Ainsi, le Pharaon en Égypte est-il vu comme un véritable Dieu, puisqu’il est une
incarnation, entre autres, du Dieu-Faucon Horus. En Mésopotamie, le roi est vicaire d’un
Dieu, c’est-à-dire qu’il est son lieutenant, son auxiliaire sur cette terre, chargé par la divinité
d’y faire régner l’ordre et en particulier la justice. Va rédiger un code qui est le premier texte
juridique que l’on à pu retrouver. Sur cette fameuse stèle on y voit une statue de dieu qui
donne la fonction au roi de rédiger des lois.

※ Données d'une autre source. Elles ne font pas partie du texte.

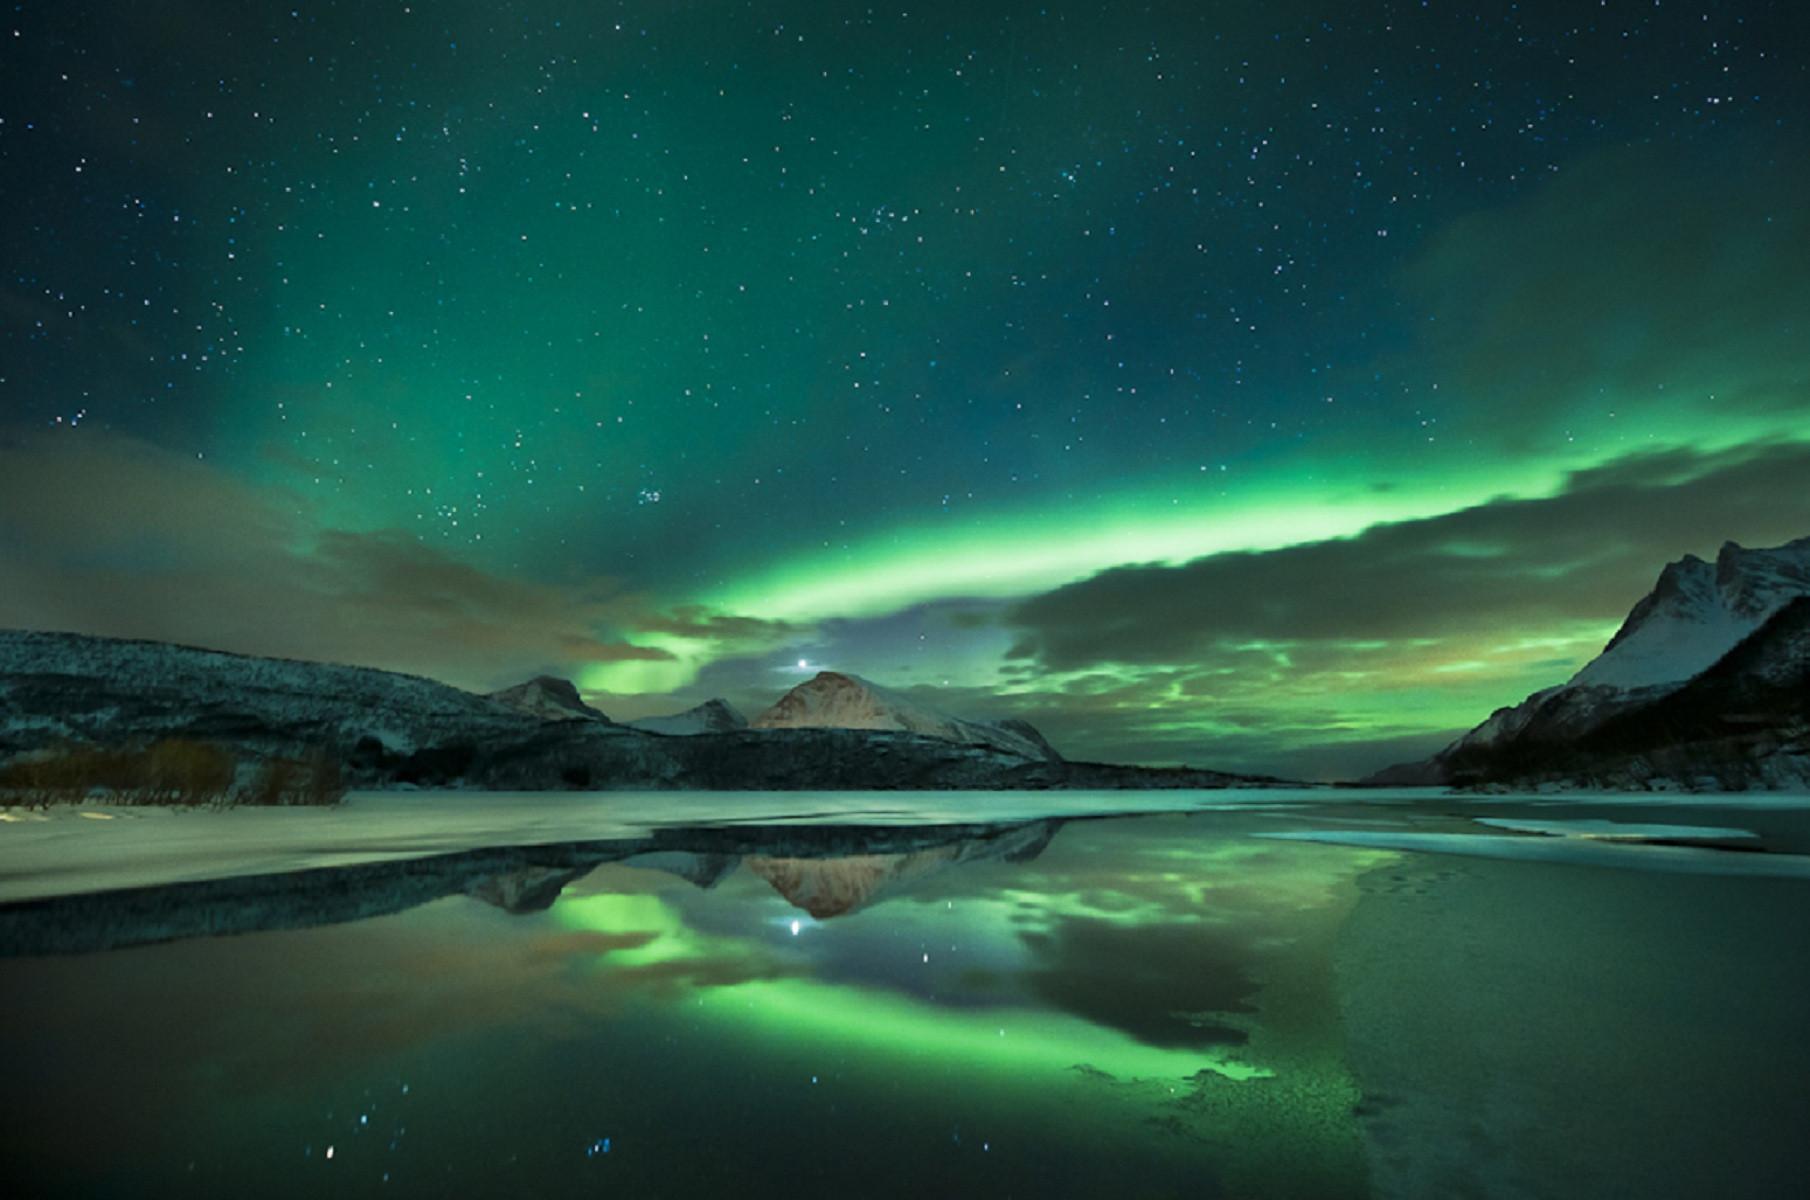 Aurora Borealis i Rana, Norway [1810x1200]

Chez les Hébreux, le roi sacré (les plus célèbres étant David et Salomon au 10 ème siècle
avant notre ère) reconnaît, par l’onction (c’est-à-dire l’aspersion par une huile consacrée),
qu’opère sur lui le grand prêtre, la supériorité, au moins morale, du pouvoir spirituel et
sacerdotal sur le pouvoir temporel et politique. Cette coordination des fonctions va souvent
poser des problèmes politiques, tant chez les Hébreux, durant le 1 er millénaire avant notre ère,
que dans l’Occident médiéval.

En France Philipe Le Bel

Au nom de la rationalité et de l’homme, les Grecs vont développer une autre conception
du pouvoir et de la société, en grande partie dégagée de l’emprise du divin (mais jamais
complètement, avec même un retour en force de la sacralisation du politique à partir
d’Alexandre le Grand). En ce sens, ils sont bien les précurseurs de la laïcisation de la pensée.
Le vocable emblématique de l'esprit grec "Sophia" est riche de significations entre
lesquelles les Grecs établissent des connexions évidentes : c'est une "sagesse" mais aussi un
"savoir" donc une "compétence" qui exige une recherche intellectuelle faite de curiosité et de
rigueur. Platon devait consacrer cette conception large en faisant souvent exprimer par son
maître Socrate l'idée qu'il ne peut y avoir de véritable sagesse sans connaissance, et
réciproquement.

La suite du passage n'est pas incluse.